Exercise requirements: Repeat exactly, and only, the lines below starting at the line that contains "- Elton John" and ending at the line that contains "Winter Fleece Pull", inclusive of both.

Excerpted records:
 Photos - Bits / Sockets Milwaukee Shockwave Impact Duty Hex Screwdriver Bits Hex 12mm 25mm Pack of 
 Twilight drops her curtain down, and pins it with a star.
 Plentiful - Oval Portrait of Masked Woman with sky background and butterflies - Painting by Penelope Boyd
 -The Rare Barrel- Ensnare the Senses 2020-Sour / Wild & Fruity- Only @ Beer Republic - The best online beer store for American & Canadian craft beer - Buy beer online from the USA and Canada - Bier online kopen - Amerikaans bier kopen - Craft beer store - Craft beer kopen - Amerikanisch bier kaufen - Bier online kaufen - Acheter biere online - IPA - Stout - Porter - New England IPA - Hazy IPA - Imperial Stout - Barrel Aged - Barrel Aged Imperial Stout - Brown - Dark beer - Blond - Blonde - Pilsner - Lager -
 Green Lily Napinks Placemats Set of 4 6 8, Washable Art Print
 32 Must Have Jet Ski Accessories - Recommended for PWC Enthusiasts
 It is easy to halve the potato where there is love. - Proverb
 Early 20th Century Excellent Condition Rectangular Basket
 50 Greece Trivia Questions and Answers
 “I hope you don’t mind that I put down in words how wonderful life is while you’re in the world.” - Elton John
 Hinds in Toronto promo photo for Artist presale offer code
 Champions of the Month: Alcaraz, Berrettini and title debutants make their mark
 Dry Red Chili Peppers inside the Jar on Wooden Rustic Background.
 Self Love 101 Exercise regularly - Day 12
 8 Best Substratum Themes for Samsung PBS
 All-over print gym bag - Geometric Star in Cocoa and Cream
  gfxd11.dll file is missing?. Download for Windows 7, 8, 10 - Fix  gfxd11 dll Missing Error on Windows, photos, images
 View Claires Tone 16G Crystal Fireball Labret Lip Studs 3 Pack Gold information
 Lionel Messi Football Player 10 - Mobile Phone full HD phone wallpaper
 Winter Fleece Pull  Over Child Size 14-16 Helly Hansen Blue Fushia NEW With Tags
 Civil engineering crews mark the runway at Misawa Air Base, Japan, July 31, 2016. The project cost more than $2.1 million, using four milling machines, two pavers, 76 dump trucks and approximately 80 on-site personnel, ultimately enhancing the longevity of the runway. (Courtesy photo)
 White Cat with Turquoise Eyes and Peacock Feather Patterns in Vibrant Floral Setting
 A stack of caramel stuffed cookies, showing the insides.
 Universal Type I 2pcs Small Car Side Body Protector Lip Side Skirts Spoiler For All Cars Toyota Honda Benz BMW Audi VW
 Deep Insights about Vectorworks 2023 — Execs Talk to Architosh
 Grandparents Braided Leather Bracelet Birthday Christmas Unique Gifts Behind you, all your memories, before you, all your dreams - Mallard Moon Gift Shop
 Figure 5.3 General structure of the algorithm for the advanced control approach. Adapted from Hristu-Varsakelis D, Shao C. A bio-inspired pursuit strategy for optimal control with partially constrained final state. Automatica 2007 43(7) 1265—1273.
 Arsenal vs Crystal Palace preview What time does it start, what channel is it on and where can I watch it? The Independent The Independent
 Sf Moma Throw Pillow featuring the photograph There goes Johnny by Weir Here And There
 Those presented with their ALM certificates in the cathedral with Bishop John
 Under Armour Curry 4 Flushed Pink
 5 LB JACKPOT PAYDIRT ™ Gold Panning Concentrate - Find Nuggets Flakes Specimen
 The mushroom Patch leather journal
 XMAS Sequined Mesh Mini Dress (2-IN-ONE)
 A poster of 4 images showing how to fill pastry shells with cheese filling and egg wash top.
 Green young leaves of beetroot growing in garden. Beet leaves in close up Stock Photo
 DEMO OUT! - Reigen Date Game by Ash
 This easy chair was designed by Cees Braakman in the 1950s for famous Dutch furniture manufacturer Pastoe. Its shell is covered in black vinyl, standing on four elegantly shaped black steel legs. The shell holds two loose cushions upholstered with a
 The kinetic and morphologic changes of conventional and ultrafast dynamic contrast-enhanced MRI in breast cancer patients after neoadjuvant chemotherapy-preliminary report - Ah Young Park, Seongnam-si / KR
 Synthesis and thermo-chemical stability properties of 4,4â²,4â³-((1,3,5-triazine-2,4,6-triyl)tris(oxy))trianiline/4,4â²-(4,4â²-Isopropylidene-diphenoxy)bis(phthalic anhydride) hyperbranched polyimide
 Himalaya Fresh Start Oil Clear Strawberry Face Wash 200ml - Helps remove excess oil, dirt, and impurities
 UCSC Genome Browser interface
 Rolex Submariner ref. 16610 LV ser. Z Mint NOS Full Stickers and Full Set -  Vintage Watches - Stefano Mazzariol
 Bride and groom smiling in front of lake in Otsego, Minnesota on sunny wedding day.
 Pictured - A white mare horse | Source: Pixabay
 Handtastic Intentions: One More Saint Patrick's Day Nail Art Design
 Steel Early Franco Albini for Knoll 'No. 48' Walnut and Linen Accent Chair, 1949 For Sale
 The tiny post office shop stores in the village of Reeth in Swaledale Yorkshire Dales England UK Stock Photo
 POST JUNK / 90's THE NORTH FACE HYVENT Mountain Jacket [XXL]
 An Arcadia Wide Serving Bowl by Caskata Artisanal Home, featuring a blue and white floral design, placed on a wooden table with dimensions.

Worked solution:
 “I hope you don’t mind that I put down in words how wonderful life is while you’re in the world.” - Elton John
 Hinds in Toronto promo photo for Artist presale offer code
 Champions of the Month: Alcaraz, Berrettini and title debutants make their mark
 Dry Red Chili Peppers inside the Jar on Wooden Rustic Background.
 Self Love 101 Exercise regularly - Day 12
 8 Best Substratum Themes for Samsung PBS
 All-over print gym bag - Geometric Star in Cocoa and Cream
  gfxd11.dll file is missing?. Download for Windows 7, 8, 10 - Fix  gfxd11 dll Missing Error on Windows, photos, images
 View Claires Tone 16G Crystal Fireball Labret Lip Studs 3 Pack Gold information
 Lionel Messi Football Player 10 - Mobile Phone full HD phone wallpaper
 Winter Fleece Pull  Over Child Size 14-16 Helly Hansen Blue Fushia NEW With Tags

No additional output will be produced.